Surprisingly, the subjective ratings were not as coherent. The raters seemed to have different preferences. Some preferred the noisier CT images of FBP, some the less noisy, post-processing FBP or the smoother, iterative reconstructed images I3. In addition, the ranking was also not consistent. Concordance between raters was mostly insignificant, meaning that we could not observe a higher correlation between the raters across all sites and methods. Only the comparison for FBP and the post-processed FBP + PS was statistically significant (p = 0.02). Regarding the subjective overall image quality, again, we could not see any difference, although the difference between FBP and post-processing FBP barely missed significance (p = 0.08). In addition, we could not see a relation between the ratings and the rater’s experience.

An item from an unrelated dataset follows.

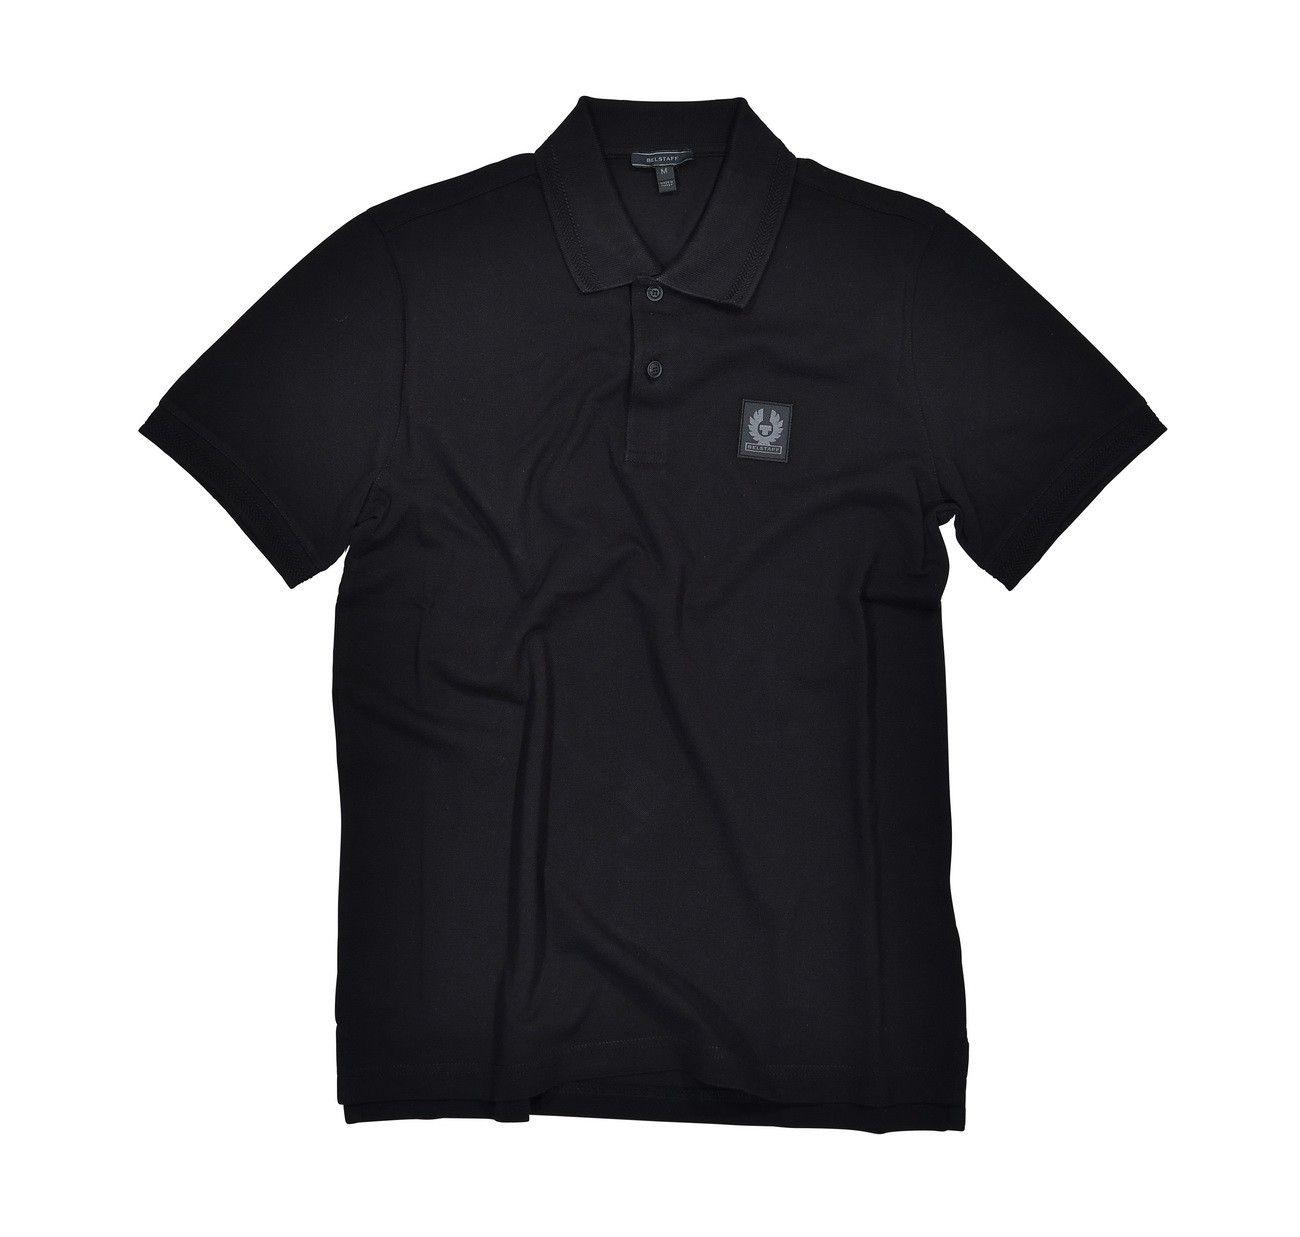 BELSTAFF - Herren Poloshirt - Stannett - Black

These results indicate two implications for the clinical routine: First, post-processing based on deep learning is able to reduce the noise, when it is measured objectively in terms of standard deviation. Second, reduced noise levels do not transfer directly to an improved subjective overall image quality of the images. This might be due to the fact that overly smoothed images do have lower noise levels, but at the same time obstructs the diagnosis by blurring. However, this seemed to depend strongly on the rater and on the protocol/site, and not so much on the experience of the reader. Differences in the rating of the reconstructed and post-processed images might depend also on the anatomic region and that radiologist are used to and prefer a specific noise level in their CT images. In addition, due to the low noise level, the noise reduction was not as high as in low-dose or ultra-low-dose CT images, so subjective differences may not be visible to the human eye, which could result in low inter-rater reliability and non-significant results in subjective image quality testing^13,14,19.

A similar study has been performed recently, comparing the post-processing for low-dose abdominal CTs by Steuwe et al.¹³. In soft tissue, the DLID algorithm reduced image noise by up to 42% compared to FBP and 27% compared to IR. This resulted in the algorithm achieving the highest SNR and CNR. Subjective image quality was equal between IR and the algorithm, both surpassing the image quality of FBP.

In their study of low-dose whole-body CT scans for melanoma patients, Brendlin et al. found that the DLID software consistently maintained good to excellent subjective image quality¹⁴. Objective analysis showed significant noise reduction in all post-processed images compared to standard reconstruction, regardless of radiation dose or scanner type. Most importantly, the software enabled diagnostic images with radiation doses as low as 30% of the initial dose, demonstrating its potential to significantly reduce patient radiation exposure, particularly in repeat whole-body staging exams. In another study, Brendlin et al. showed similar results on pediatric ultra-low-dose chest CT¹⁹. The software substantially reduced image noise compared to conventional methods, resulting in higher subjective image quality ratings. It also significantly accelerated the time to diagnosis without compromising diagnostic confidence. Lyoo et al. combined an ultra-low dose CT protocol with deep learning reconstruction and were able to improve image quality to a level comparable to the full-dose CT protocol without compromising diagnostic accuracy for craniosynostosis in children²⁰.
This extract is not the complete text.